As the RBA’s first responsibility is to target an annual rate of price inflation between 2 and 3 per cent, it is therefore very keen to restore a rate of wages growth of more than 3 per cent. The RBA thinks that wages growth in excess of 3 per cent is what is required to achieve its inflation target of 2-3 per cent, but that rate of wages growth will in turn require a lower rate of unemployment than experienced in recent years.

Indeed, according to the RBA (and the Treasury) the recent history of low wage growth has been solely caused by unemployment being higher than the the non-accelerating inflation rate of unemployment (NAIRU), which is defined as the rate of unemployment consistent with the bank’s target for inflation (ie the non-accelerating rate of inflation).

The problem is, however, that the relation between unemployment and wage growth and the relation between price inflation and wage increases have both been changing.

Only a few years ago, the authorities thought that the NAIRU was above 5 per cent, then as recently as the end of last year they thought it was a bit above 4 per cent. But now that unemployment rate is down to 4.2 per cent, they are again revising their unemployment target to a number that has a three in front of it.

In effect, the authorities cannot be sure what is the rate of unemployment that represents full employment.
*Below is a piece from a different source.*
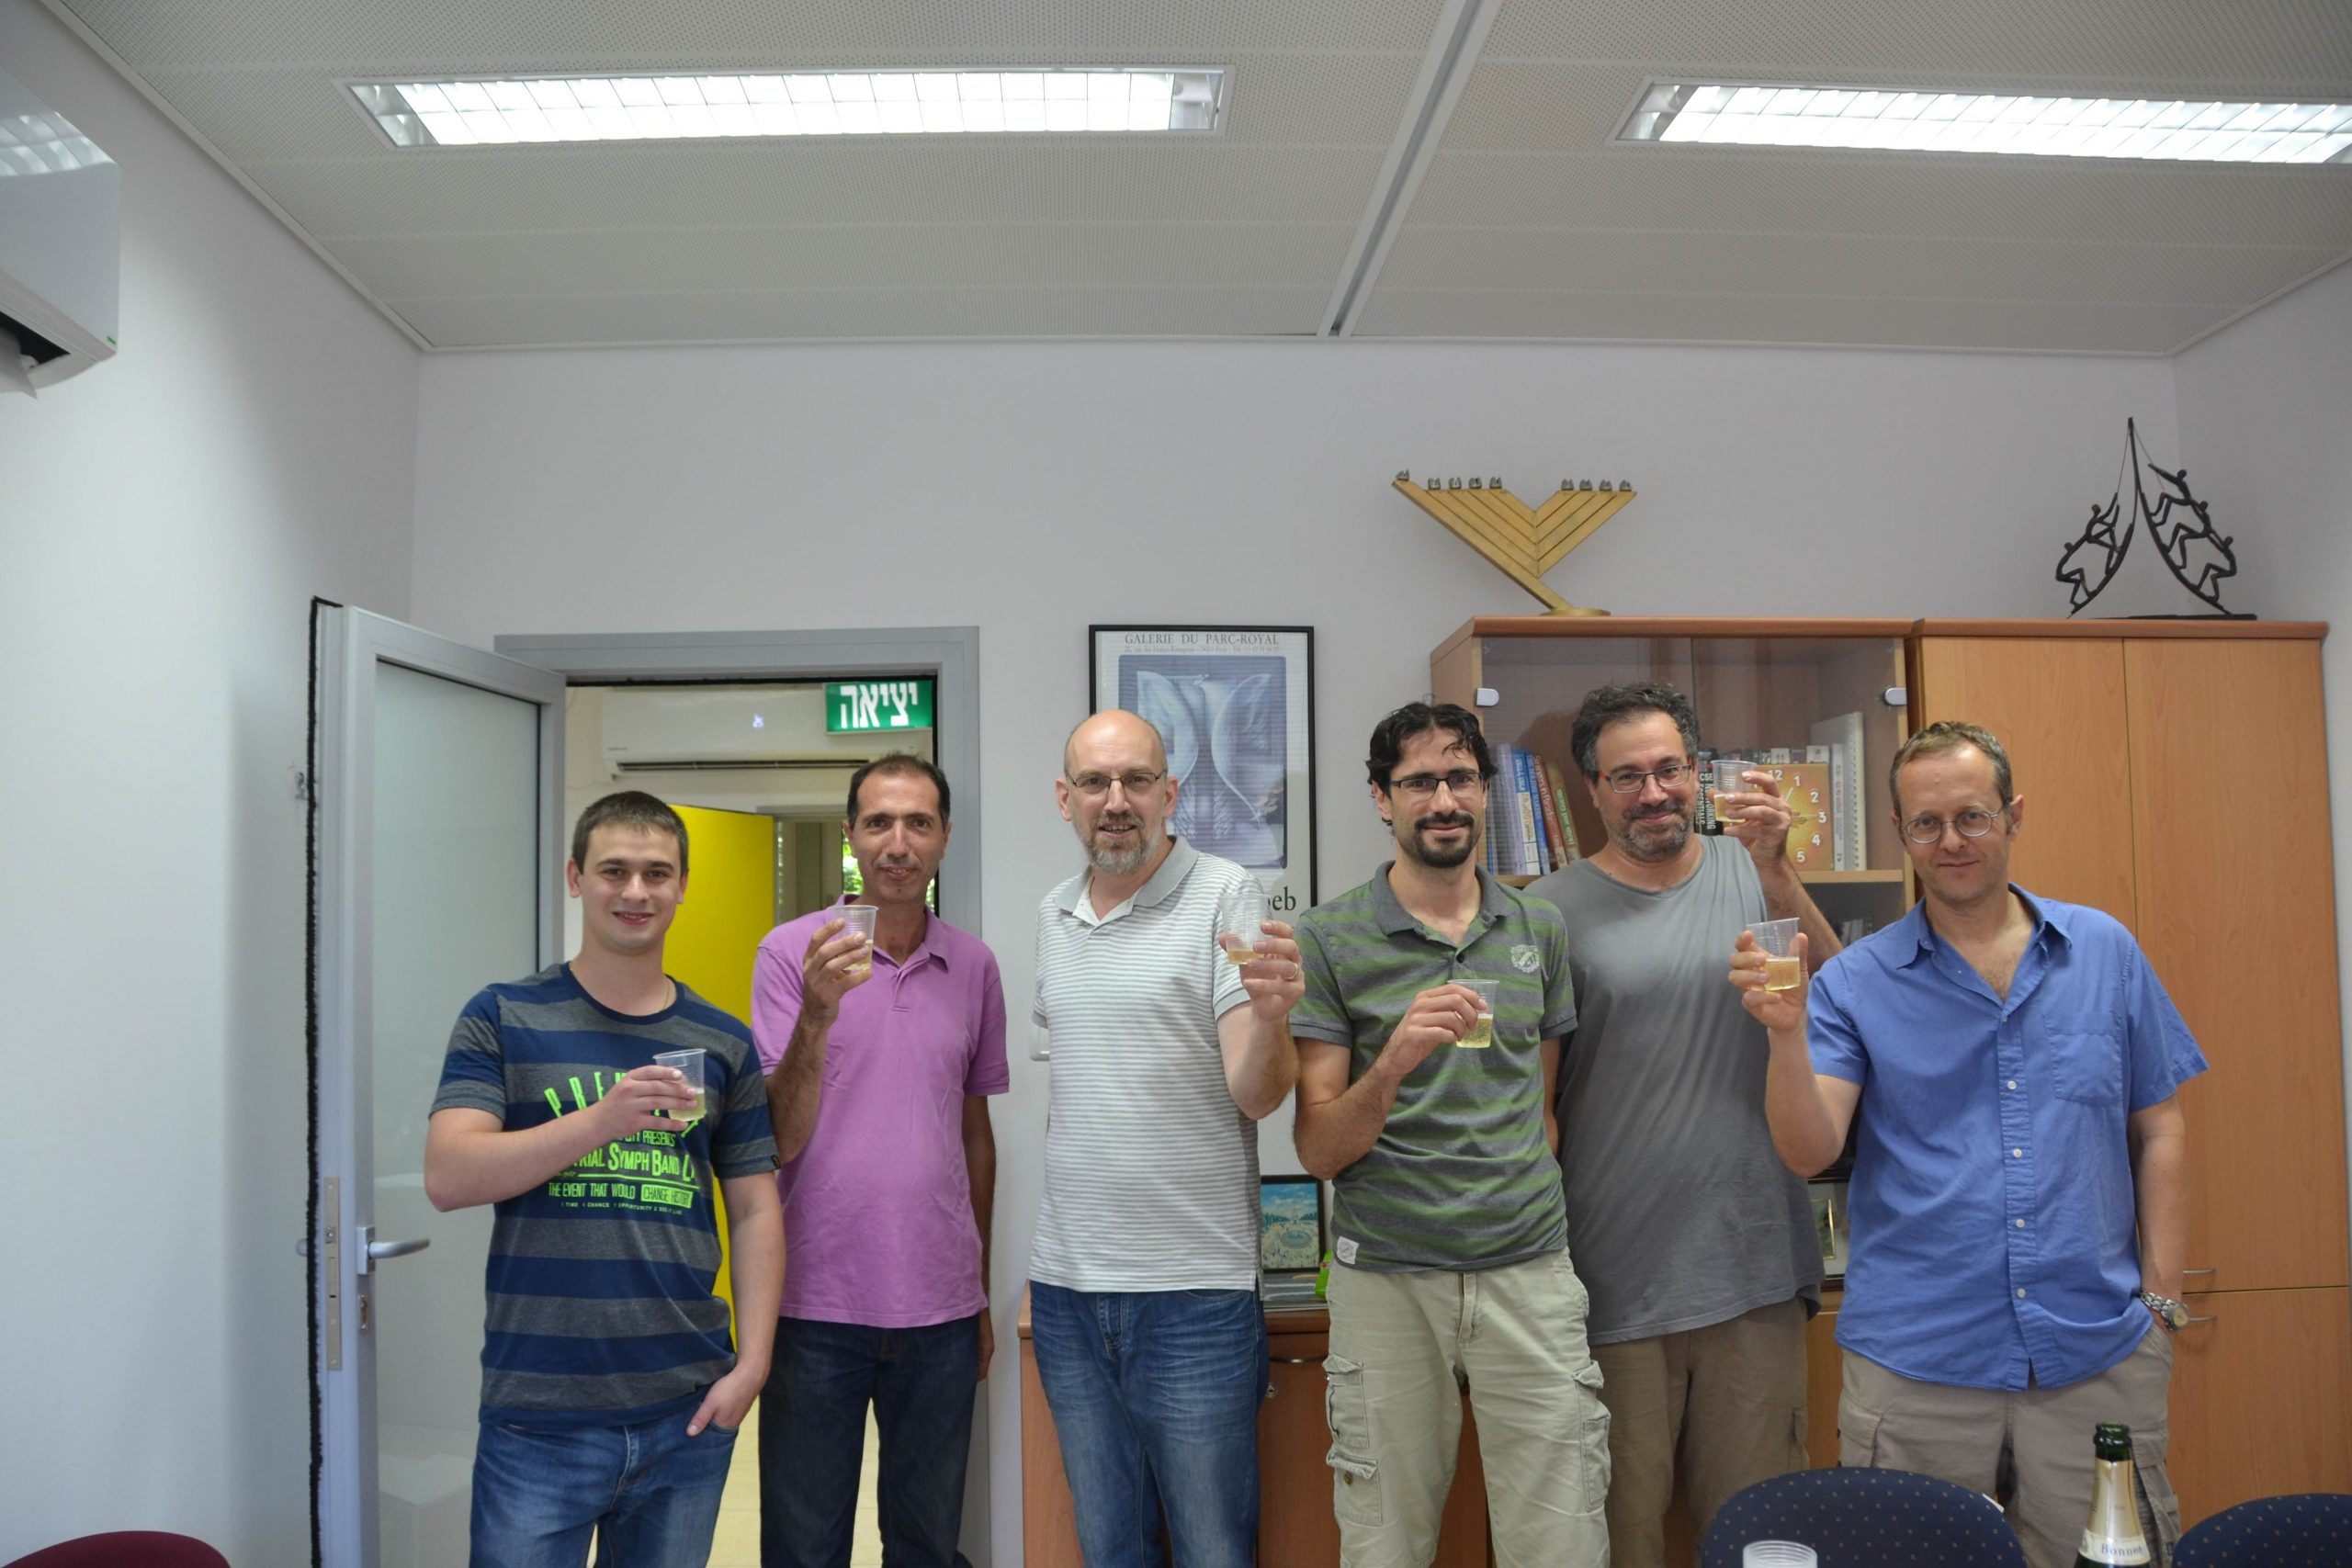 Igor Chebotar, Yair Bellehsen, Nimrod Lahav, Eyal Privman, Doron Chelouche, and Mickey Kosloff raising their glasses in honor of the Hive

As the RBA itself admits in its latest Statement on Monetary Policy: “There are, however, considerable uncertainties surrounding this outlook [for wages and prices], not least because the effect of unemployment on wages and other prices is uncertain.”

By definition, the authorities’ estimate of the NAIRU is the rate of unemployment consistent with a rate of wage growth of a bit more than 3 per cent each year and a stable annual rate of price inflation in the target range of 2–3 per cent.
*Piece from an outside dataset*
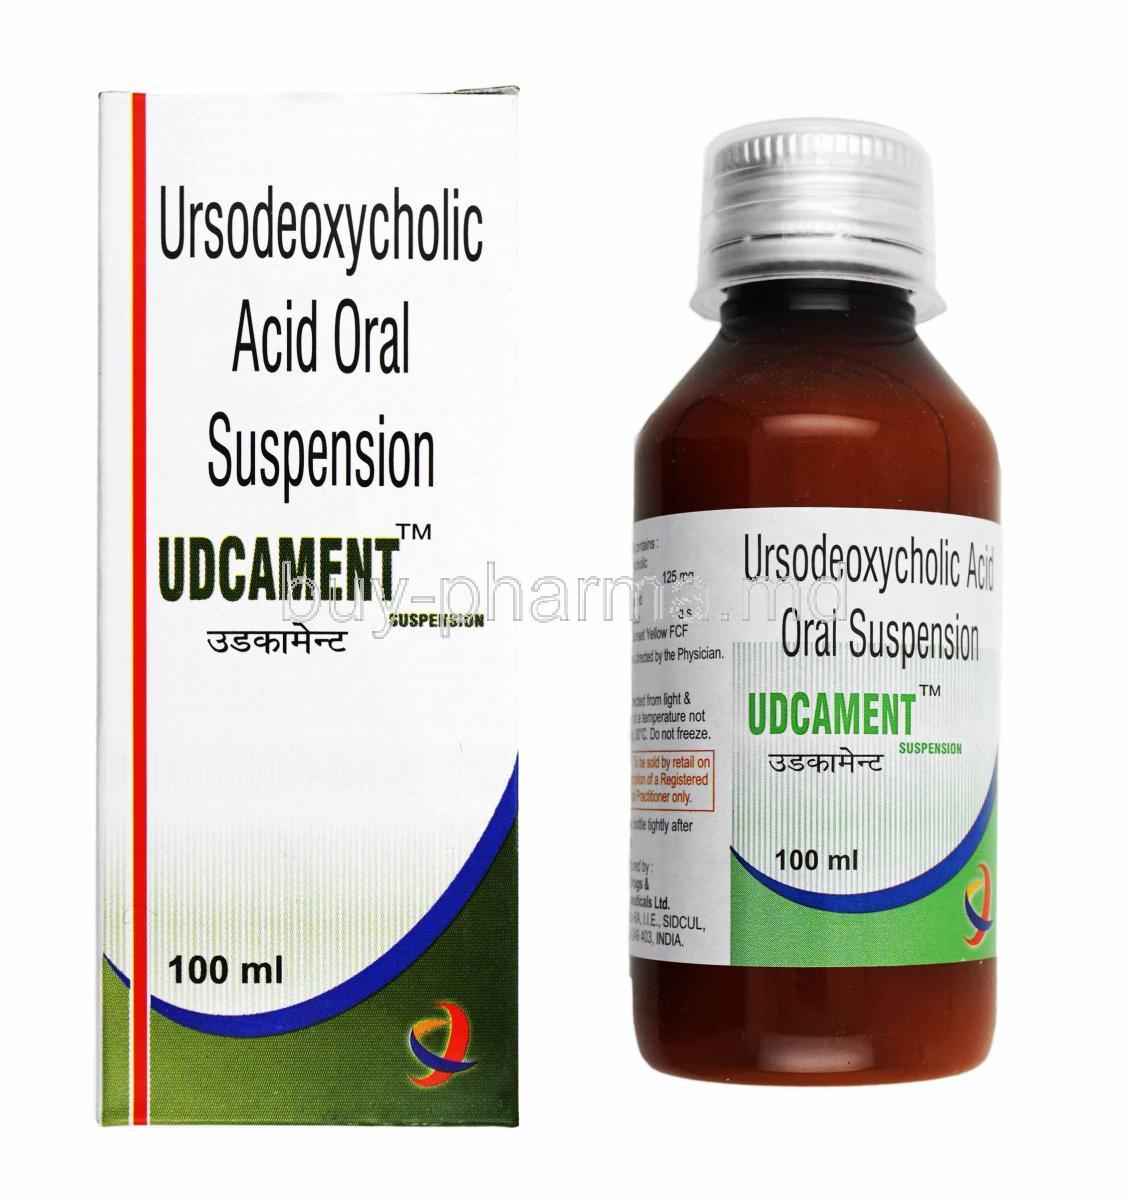 Udcament Oral Suspension, Ursodeoxycholic Acid box and bottle

In other words, we only know for sure when we have achieved full employment as defined by the NAIRU after the event. But the fact that estimates of the NAIRU have been subject to so much change in recent years, and the price and wage forecasts have consistently been too high, should give us cause to pause.

Indeed, there are good reasons to think that the rates of price and wage inflation are not purely determined by the unemployment rate. Instead, it is likely that there are structural factors that are changing the relations between wages and unemployment and also between wages and price inflation.
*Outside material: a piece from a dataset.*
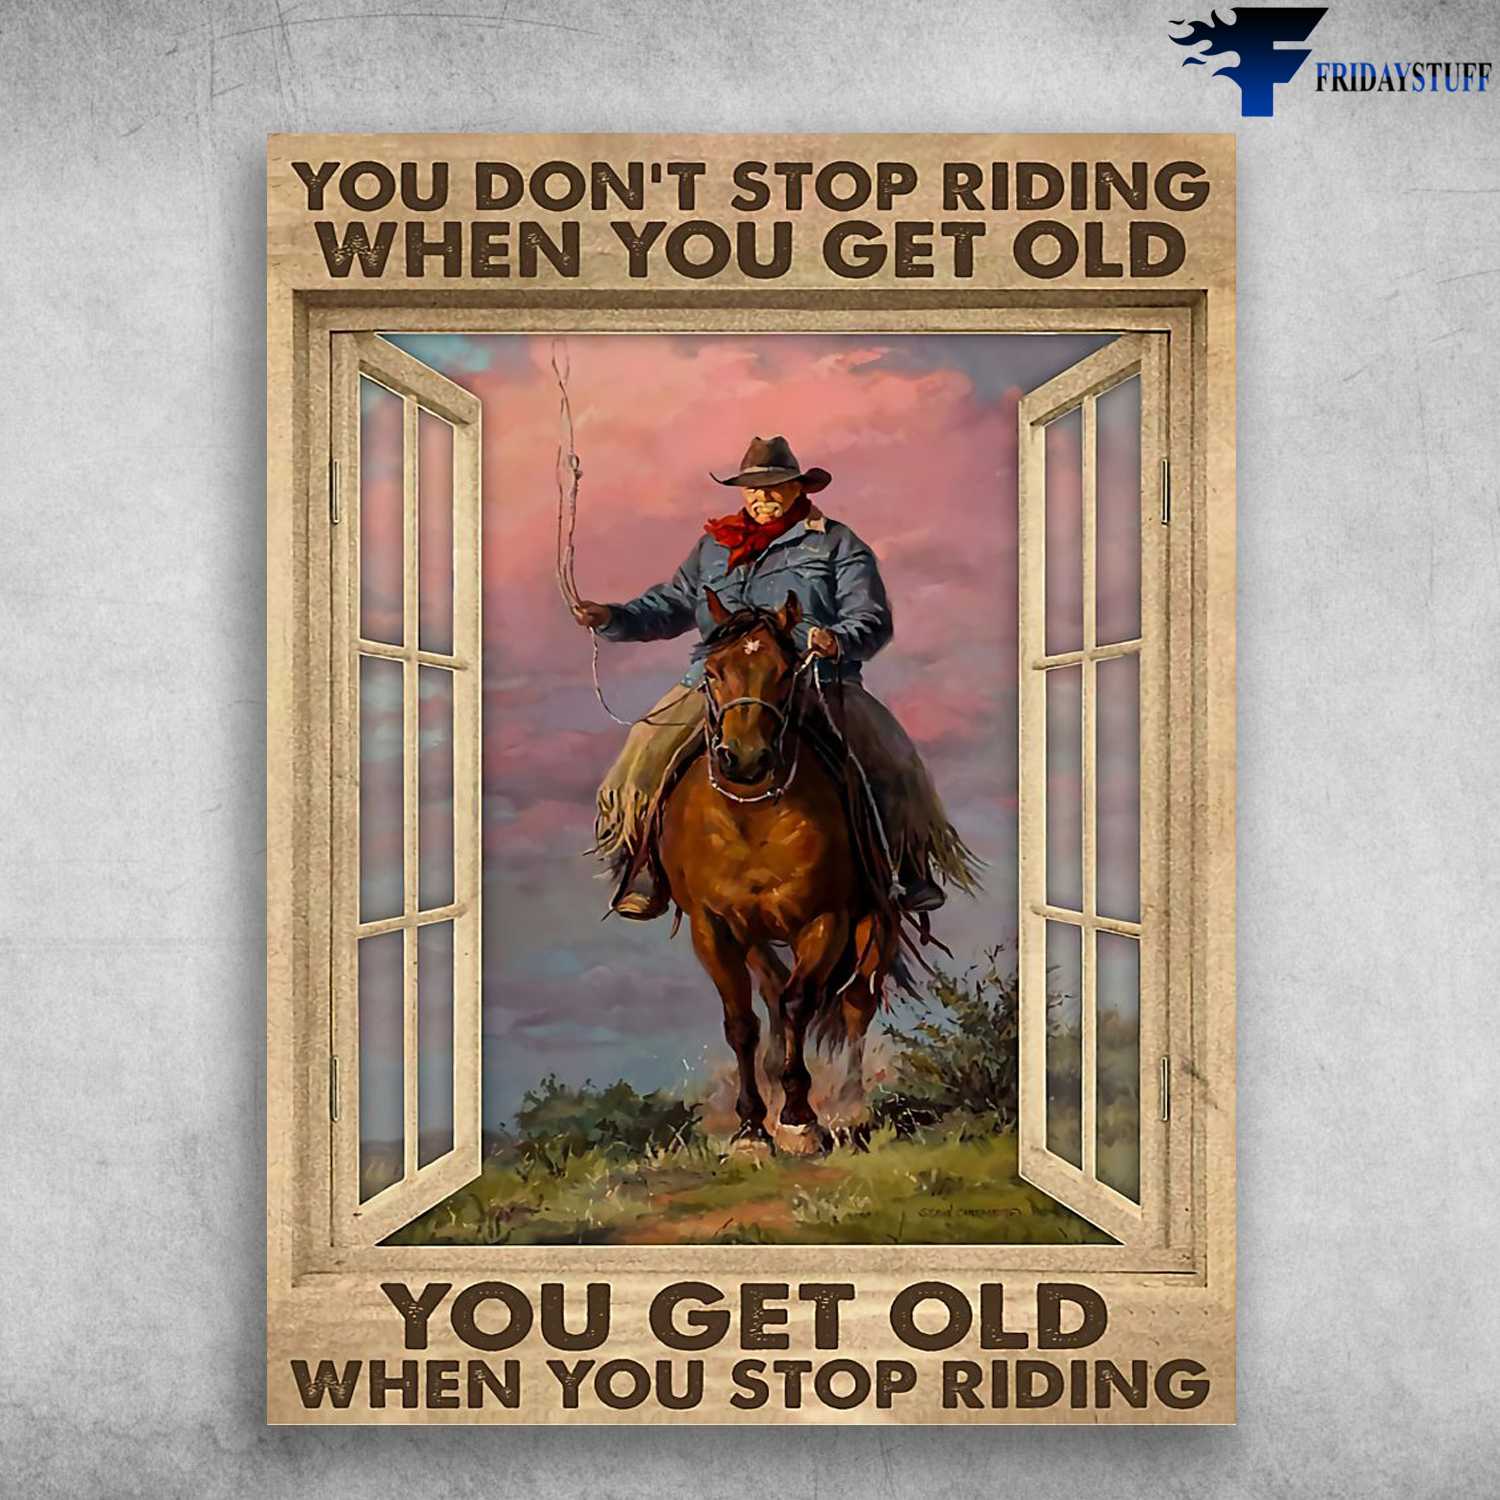 Old Cowboy Riding, Horse Riding - You Don't Stop Riding When You Get Old, You Get Old When You Stop Riding

In particular, I have argued elsewhere that the way in which technology has hollowed out middle-level jobs has led to lower wage growth, even at full employment. That means that inflationary pressures may emerge in some industries while unemployment is still higher than the 3 per cent plus target for unemployment that the authorities now seem to be aiming for.

In sum, I think it is most likely that the recovery in wages growth will be quite slow, and certainly not before the election. And even after the election wages growth will continue to be inadequate. While relying solely on fiscal and monetary policy to drive the unemployment rate down further will risk unacceptable inflation.

What is needed in this election are policies that address the structural causes of low wage growth, including improving workers’ ability to adapt to new technologies and job security. In addition, it would help if governments put less downward pressure on wages generally by easing their tight constraints on public sector wages, including the wages that they finance, such as in aged care.

Anthony Albanese’s recent policy speech to the Press Club provides some hope that Labor’s policies will help. But Morrison’s speech the following week gave no such hope. Morrison wants us to think that as long as unemployment keeps coming down, everything is all right.